Topological Data Analysis for Shape Comparison

February 1, 2024
3:00pm EST
Cummings 402
Speaker: Elizabeth Munch
Host: JP de Ruiter

Abstract

The goal of the field of topological data analysis (TDA) is to quantitatively encode and measure shape in data using Algebraic Topology. The available tools encompass both algebraic constructions (such as persistence diagrams and Euler characteristics) as well as graph based representations (such as Reeb graphs, mapper graphs, and merge trees). Applications of TDA have exploded in recent years, finding use in a diverse array of domains including plant biology, neuroscience, mechanical engineering, and many more. This increased interest is due to its now extensive theoretical foundation, and more recently due to the increased availability of more efficient algorithms and software making TDA pipelines more readily accessible to domain scientists.
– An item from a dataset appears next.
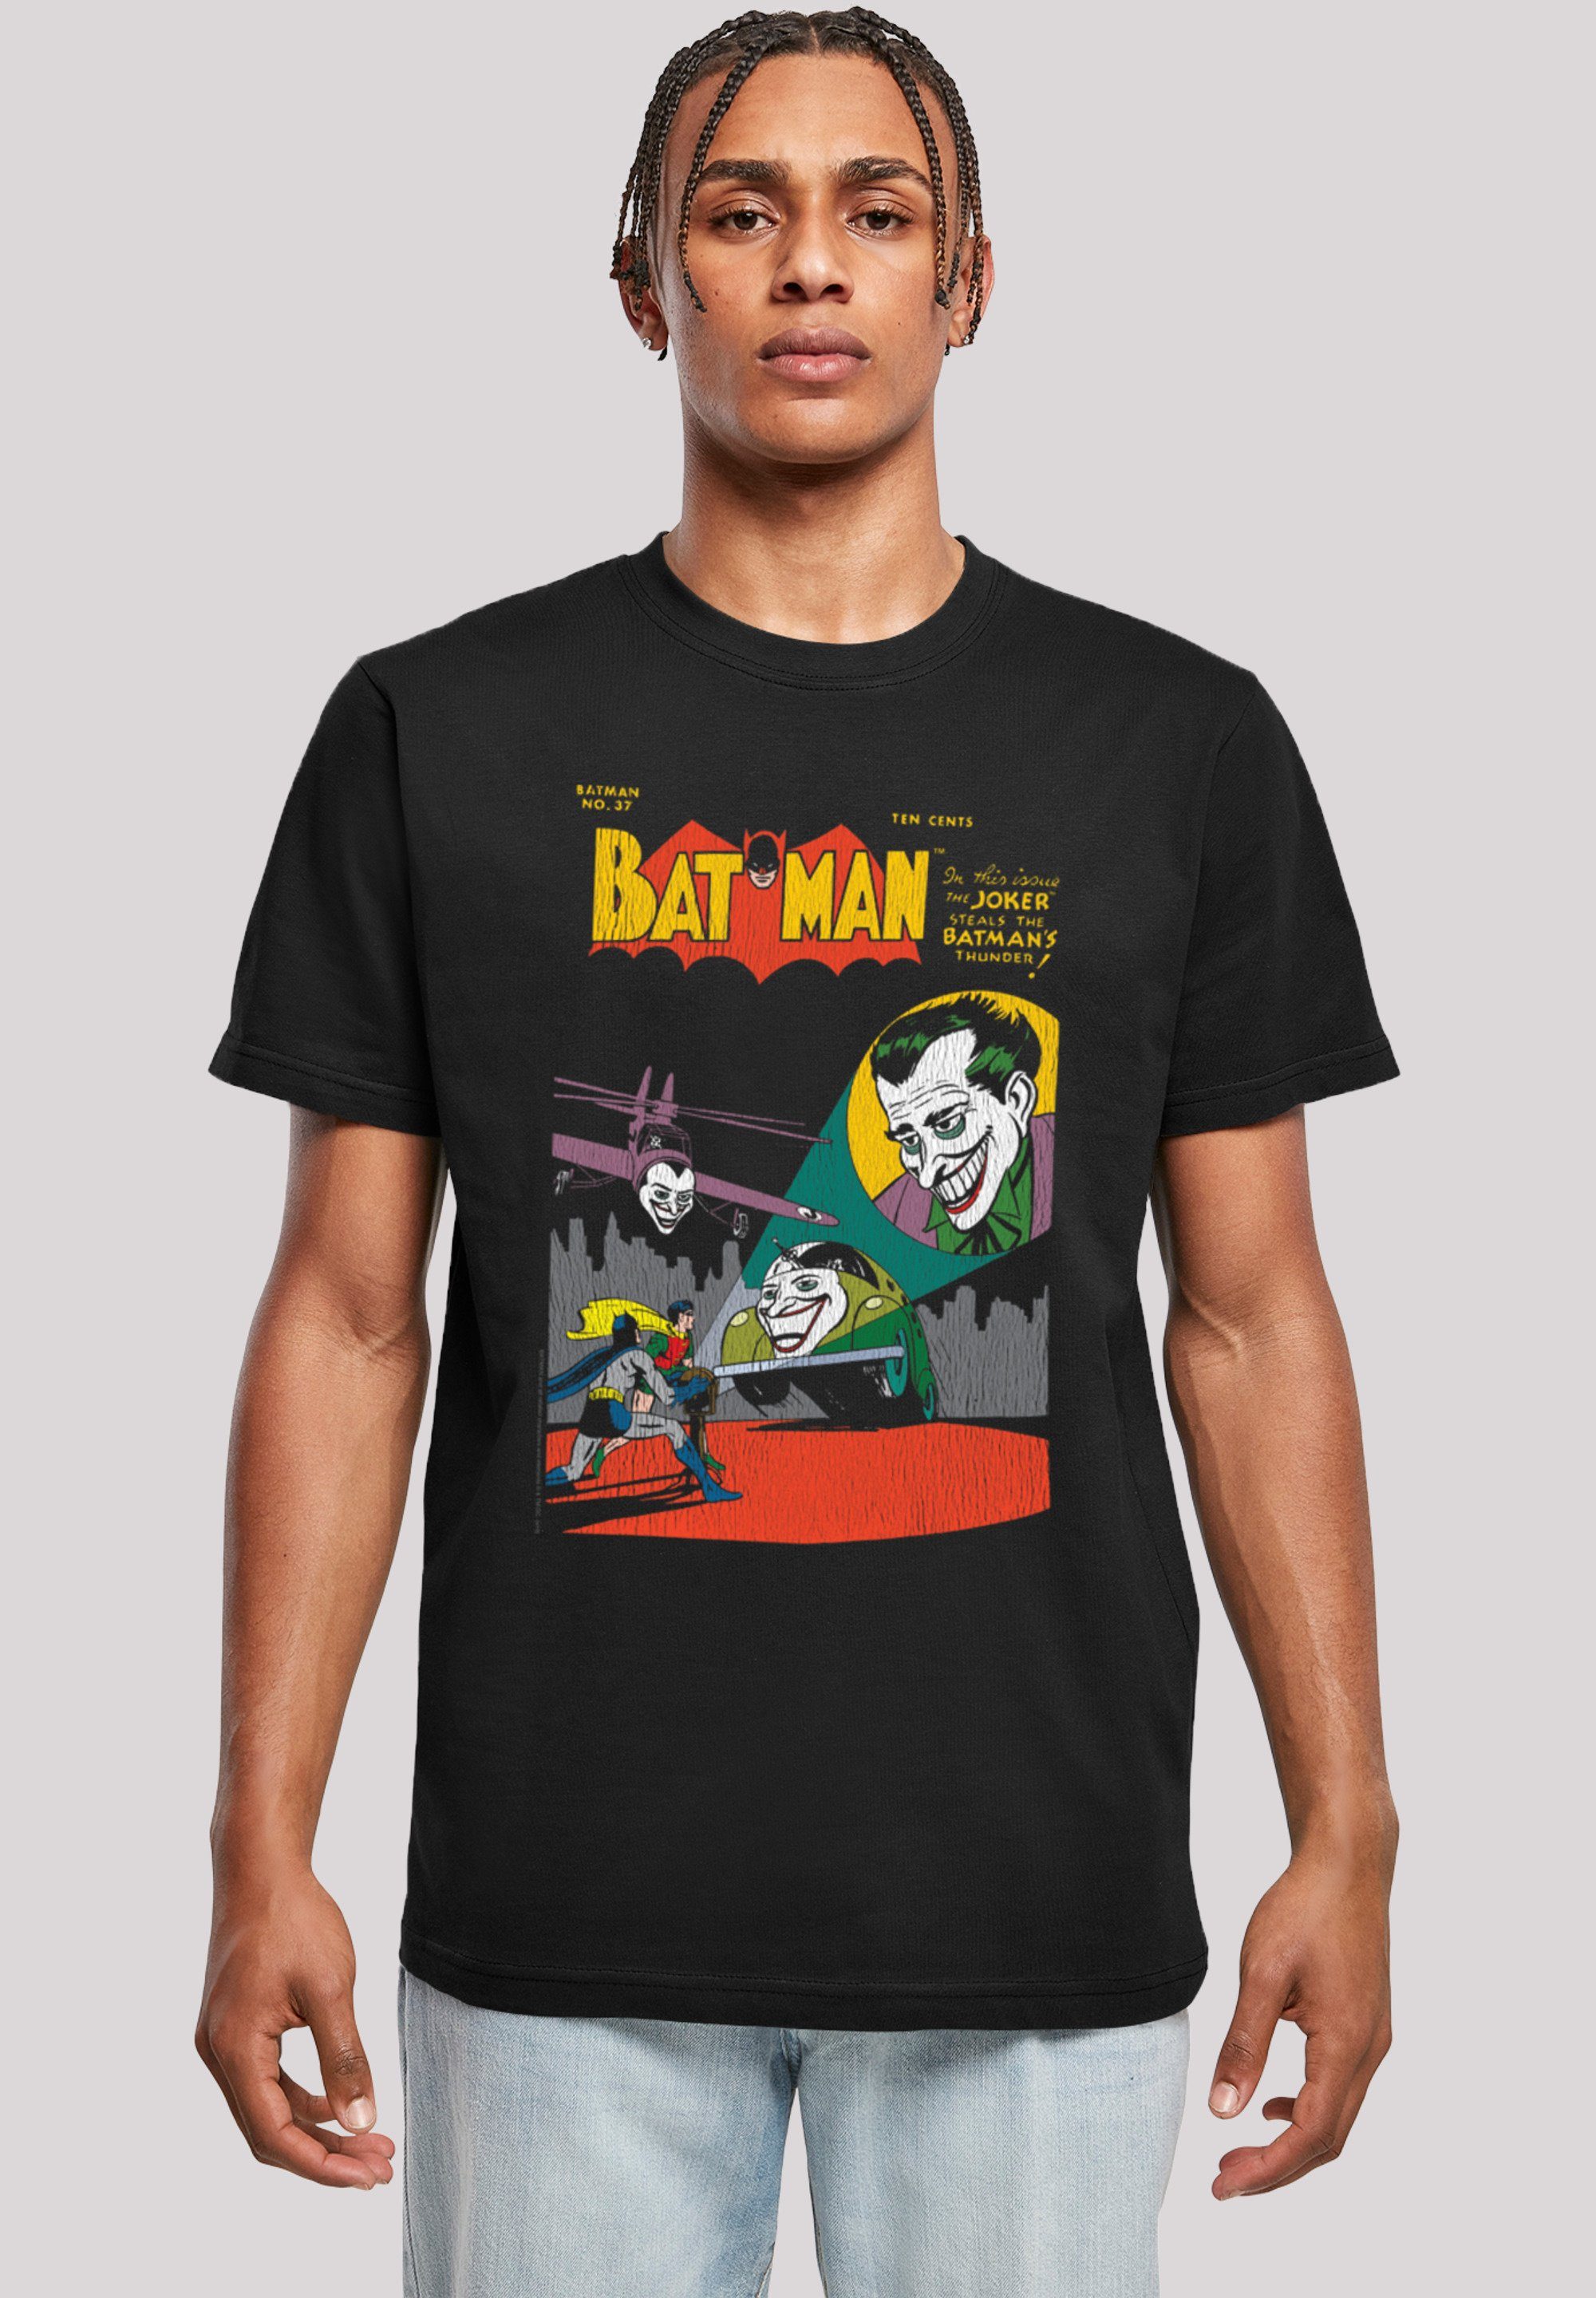 F4NT4STIC T-Shirt DC Comis Superhelden Batman No. 37 Cover Print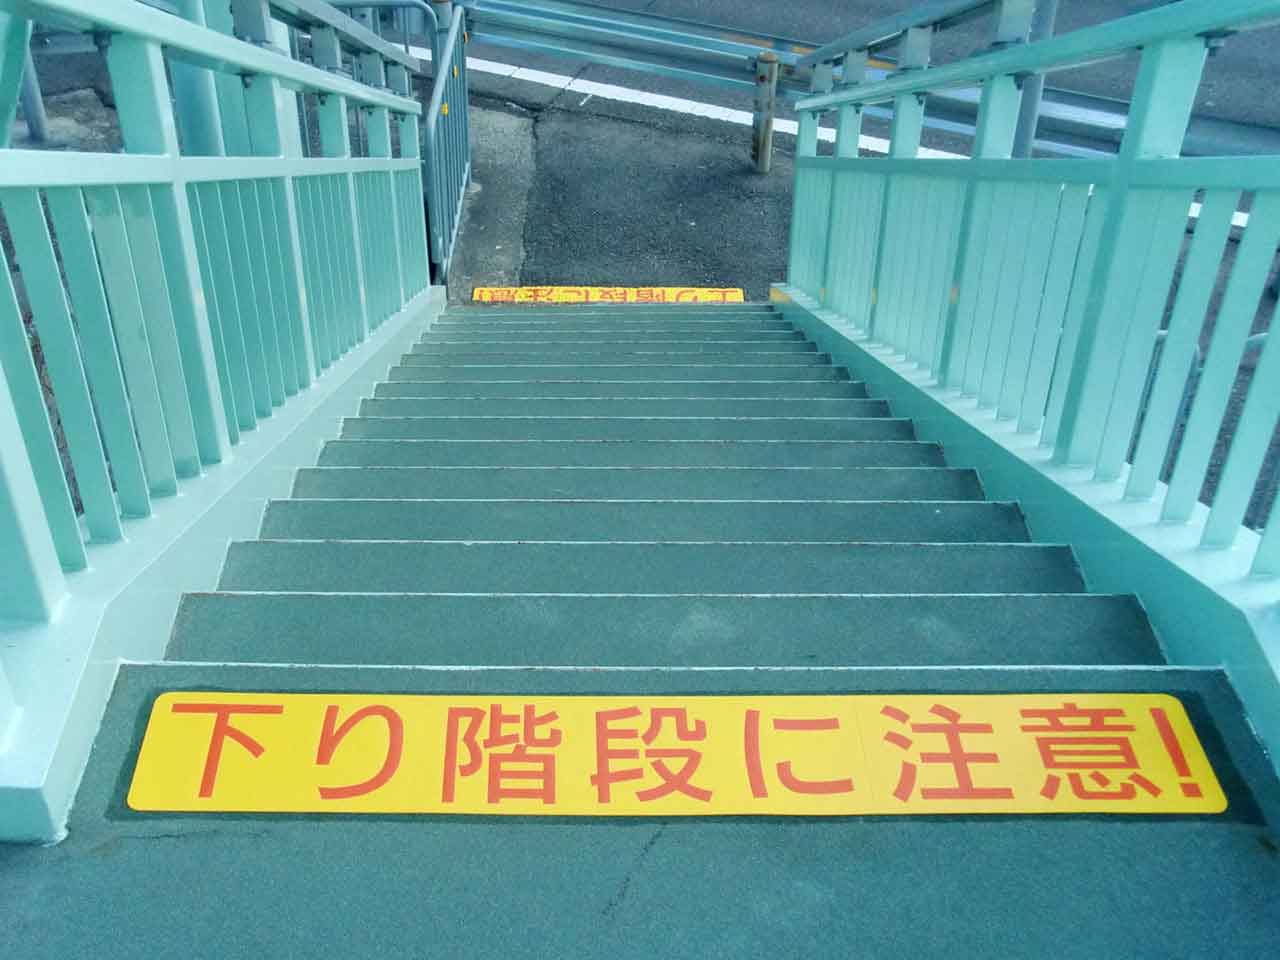 文字【上り階段に注意・下り階段に注意】

In this talk, we will review some of the tools available with a particular focus on encoding embedded shapes in d- dimensional Euclidean space (with most of our applications living in the setting of d=2 or 3), and for creating metrics between these representations to allow for access to tools such as statistics and machine learning.

Elizabeth Munch is an Associate Professor at Michigan State University with a primary appointment in the Department of Computational Mathematics, Science, and Engineering and a secondary appointment in the Department of Mathematics. Liz earned her PhD from the Department of Mathematics at Duke University in May 2013. Prior to joining the faculty of MSU, she was an Assistant Professor in the Department of Mathematics and Statistics at the University at Albany - SUNY, and a Postdoctoral Fellow at the Institute for Mathematics and its Applications at the University of Minnesota.